Roadnovel eines Paares, das innerhalb von zwei Wochen eine Beziehung durchlebt

Musik begleitet die Reise eines eigenartigen Paares von Seattle nach San Diego und schließlich nach Los Angeles. Doch nicht die großen Städte sind ihre Stationen, sondern die Orte aus « June on the West Coast » von Conor Oberst und den Bright Eyes geben die Route ihrer Reise durch den Westen der Vereinigten Staaten vor. Der Ich-Erzähler, ein Schriftsteller, und Ora haben sich bei einer Hochzeit kennengelernt und sind geflohen, gleich nach Amerika. Gemeinsam haben beide eigentlich nur, dass sie die gleichen Antidepressiva nehmen und kaputte Beziehungen hinter sich haben.

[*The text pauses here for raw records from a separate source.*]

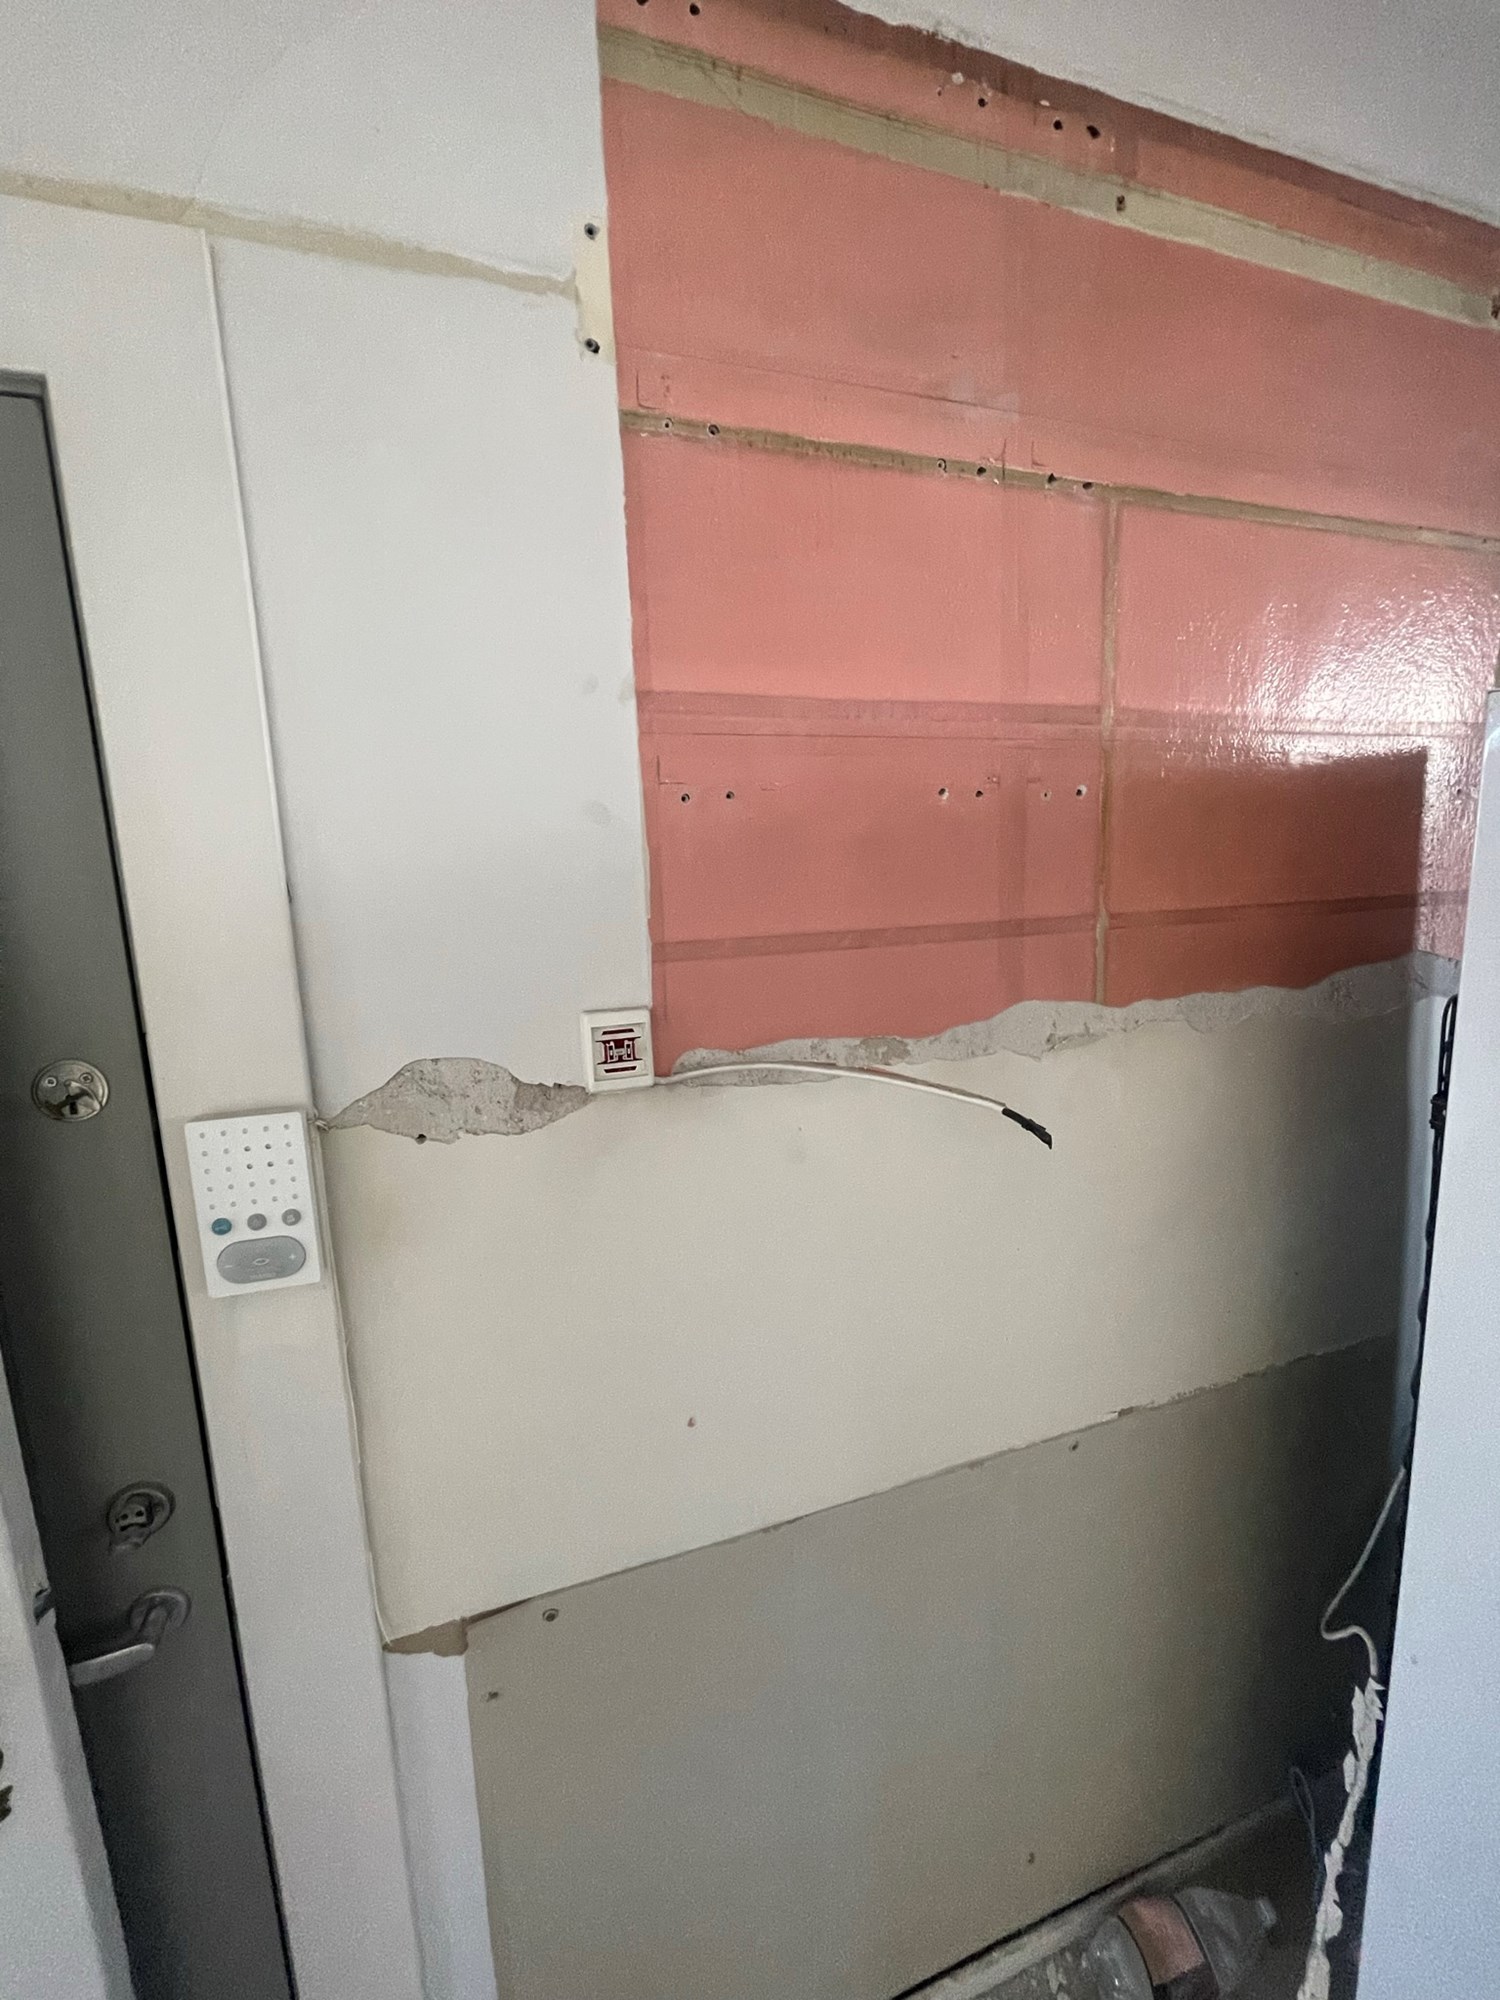 Renovere vegger på gammelt kjøkken - IMG_8100.JPEG - 100Tomler
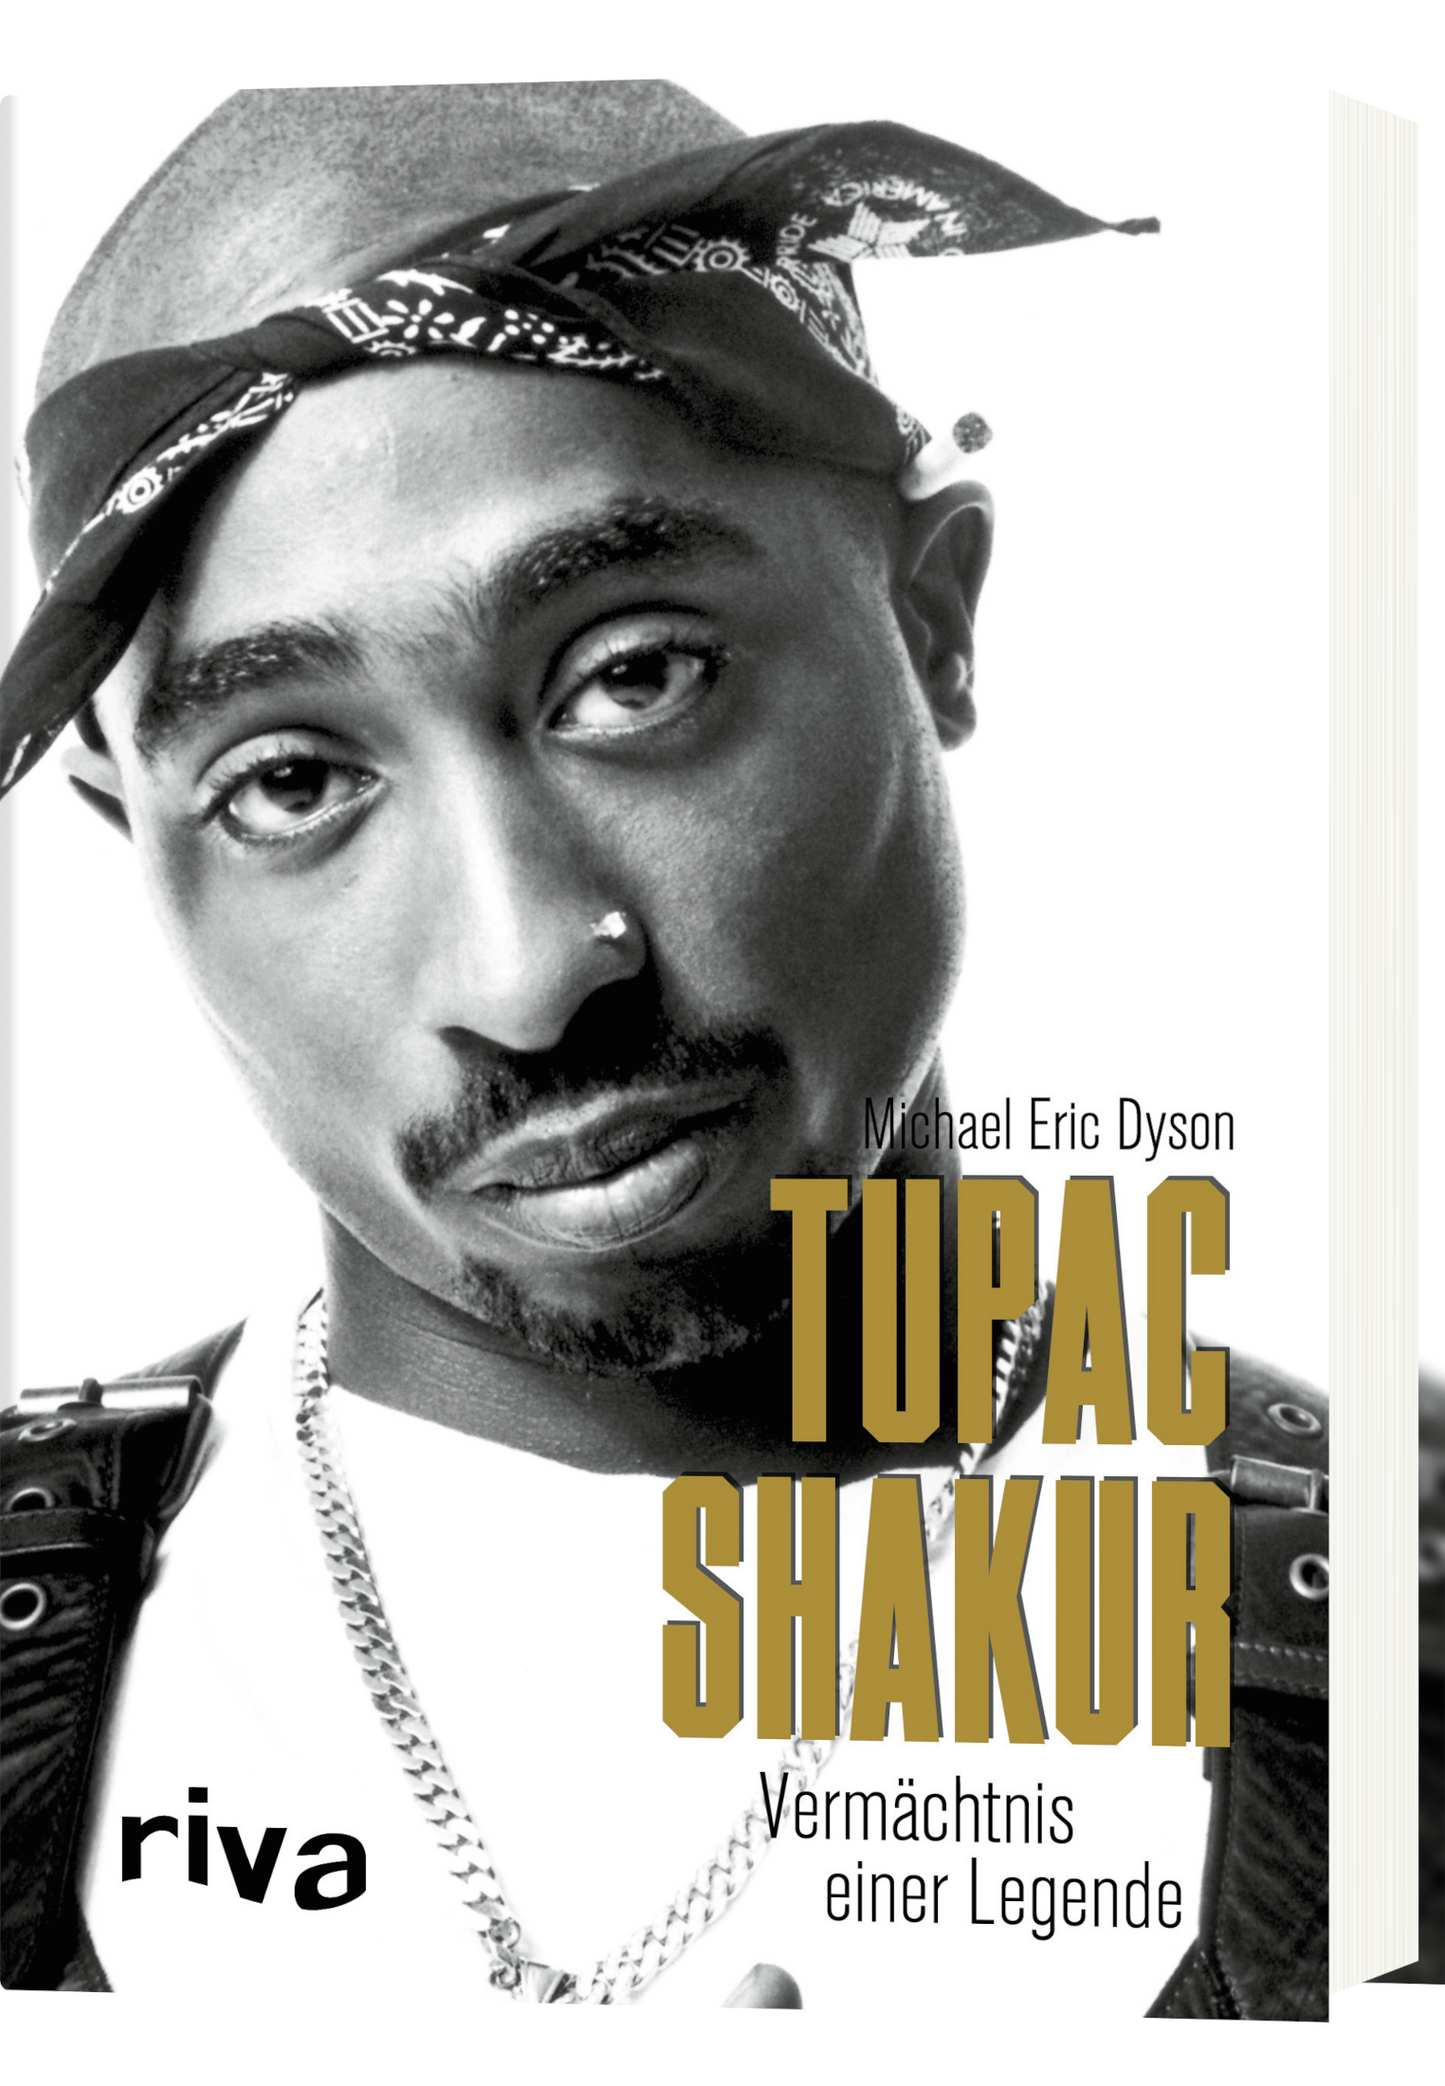 Tupac Shakur - Vermächtnis einer Legende im BAWRZ® One Stop Hip-Hop Shop
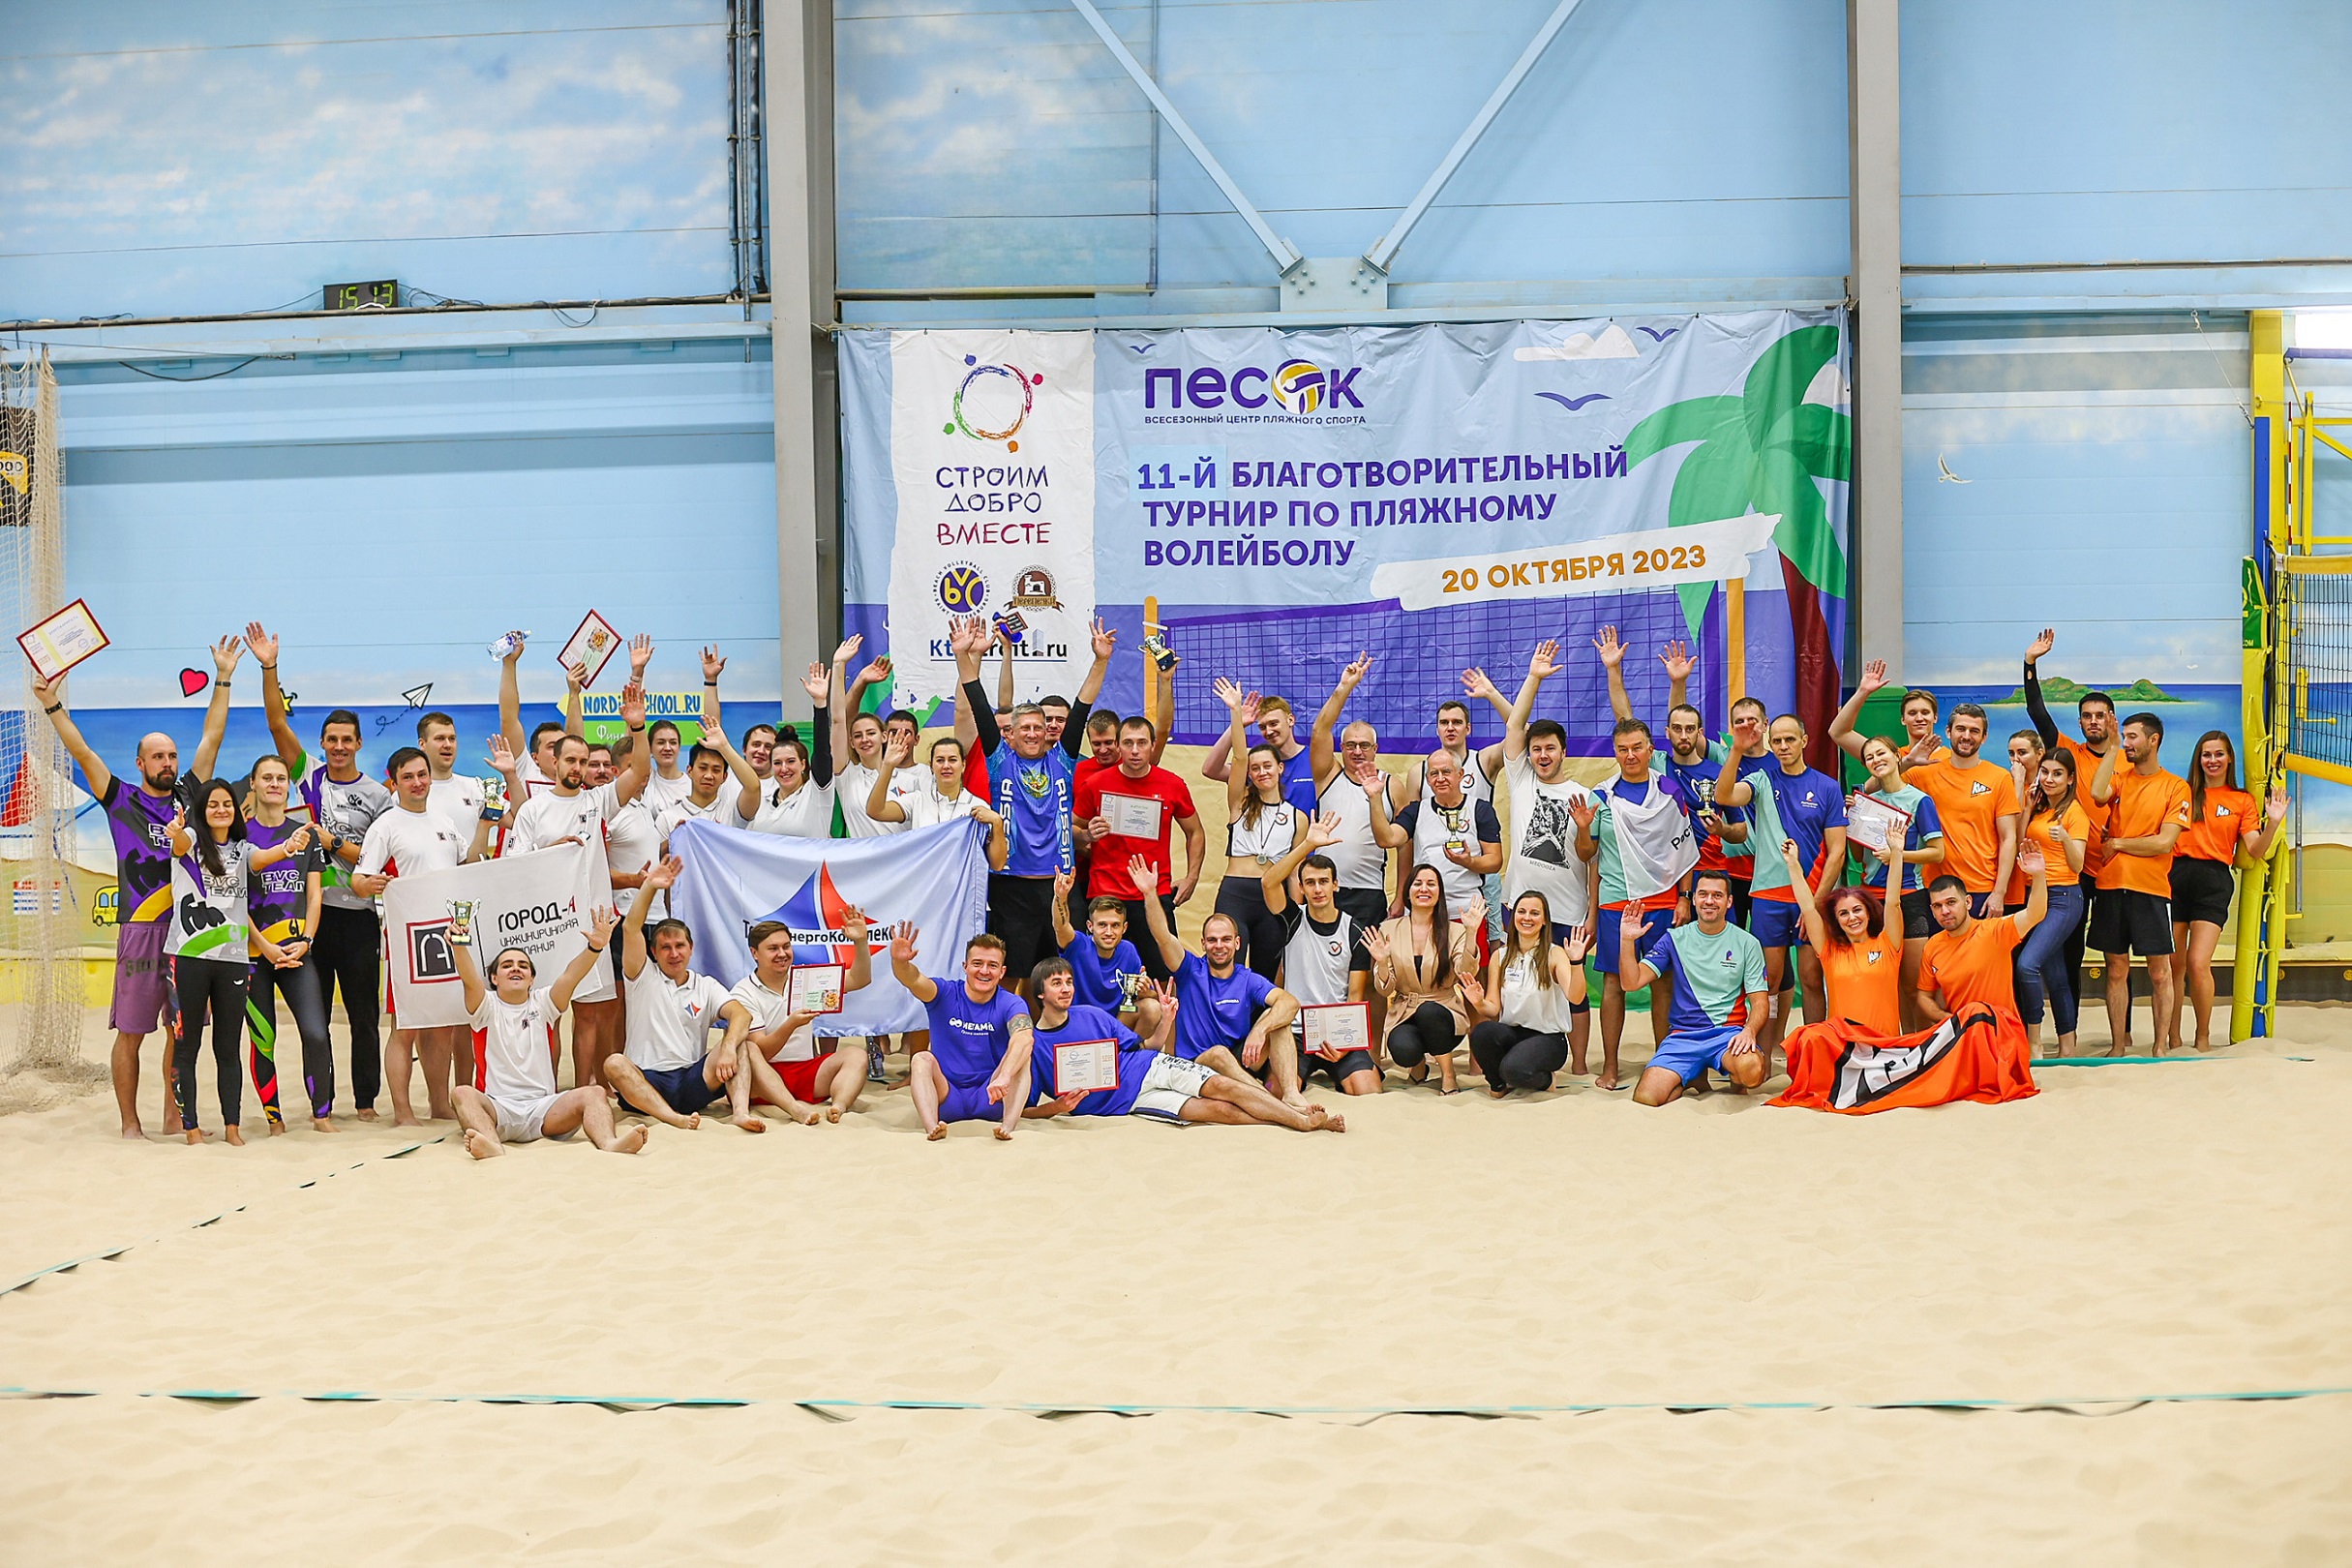 XI Благотворительный турнир по пляжному волейболу состоялся!

Der Erzähler, Anfang 50, ist von Lynn, seiner Frau verlassen worden, einfach so, ohne Gespräch, ohne Nachricht. Er macht eine Therapie. Ora, Anfang 40, hat Jasper, ihren Soh;, der Mann ist irgendwie auch weg, es gibt ein „anderen Mann“. Ein Aufenthalt in der geschlossenen Psychiatrie liegt schon länger zurück. Der Erzähler berichtet, manchmal an eine Person gerichtet, wohl seine Therapeutin, die ihm von Ora und der Reise mit ihr abgeraten hat. Natürlich werden die beiden ein Liebespaar, sie erzählen einander ihr Leben, streiten einmal ein bisschen und fliegen zusammen nach Hause. Auf dem Flug beschließen sie, ihre Tabletten abzusetzen. Ob das genügt, auf ein Happy End  hoffen zu dürfen, bleibt offen. Es ist eine Erzählung, die fast wie ein Drehbuch detailgenau schildert, wie die Orte, die Landschaften, die Hotels, die Zimmer aussehen, was gegessen und vor allem getrunken wird (ziemlich viel Alkohol), immer wieder unterbrochen von Erinnerungen an die Zeit mit Lynn, Gesprächen mit Ora, manchmal leise ironischen, aber auch oft nah am Pathos liegenden Formulierungen, wie zum Beispiel „Männer waren Herbergslose“ (S. 104) oder „als wir … die Wüste durchfuhren, breitete sich ein Gefühl fassungsloser Frömmigkeit in mir aus“ (S. 158).

Didaktische Hinweise

Roadnovel, ein Liebespaar auf Reisen – verglichen wurde der Roman im Feuilleton mit Tucholskys „Rheinsberg“ und Max Frischs „Montauk“, in dem die Geliebte ebenfalls Lynn heißt. Die Musik nachzuhören und Textbezüge über die Ortsnamen hinaus aufzuspüren, macht Spaß. Der Aufbau ist leicht nachzuvollziehen: dreizehn Kapitel, dreizehn Stationen oder Etappen, am Schluss der Song-Text. Der Münchner Autor erhielt 2008 den Döblin-Preis. Sein Roman „Die Herrlichkeit des Lebens“ über Kafkas letzte Liebe Dora Diamant ist zu Recht viel beachtet worden.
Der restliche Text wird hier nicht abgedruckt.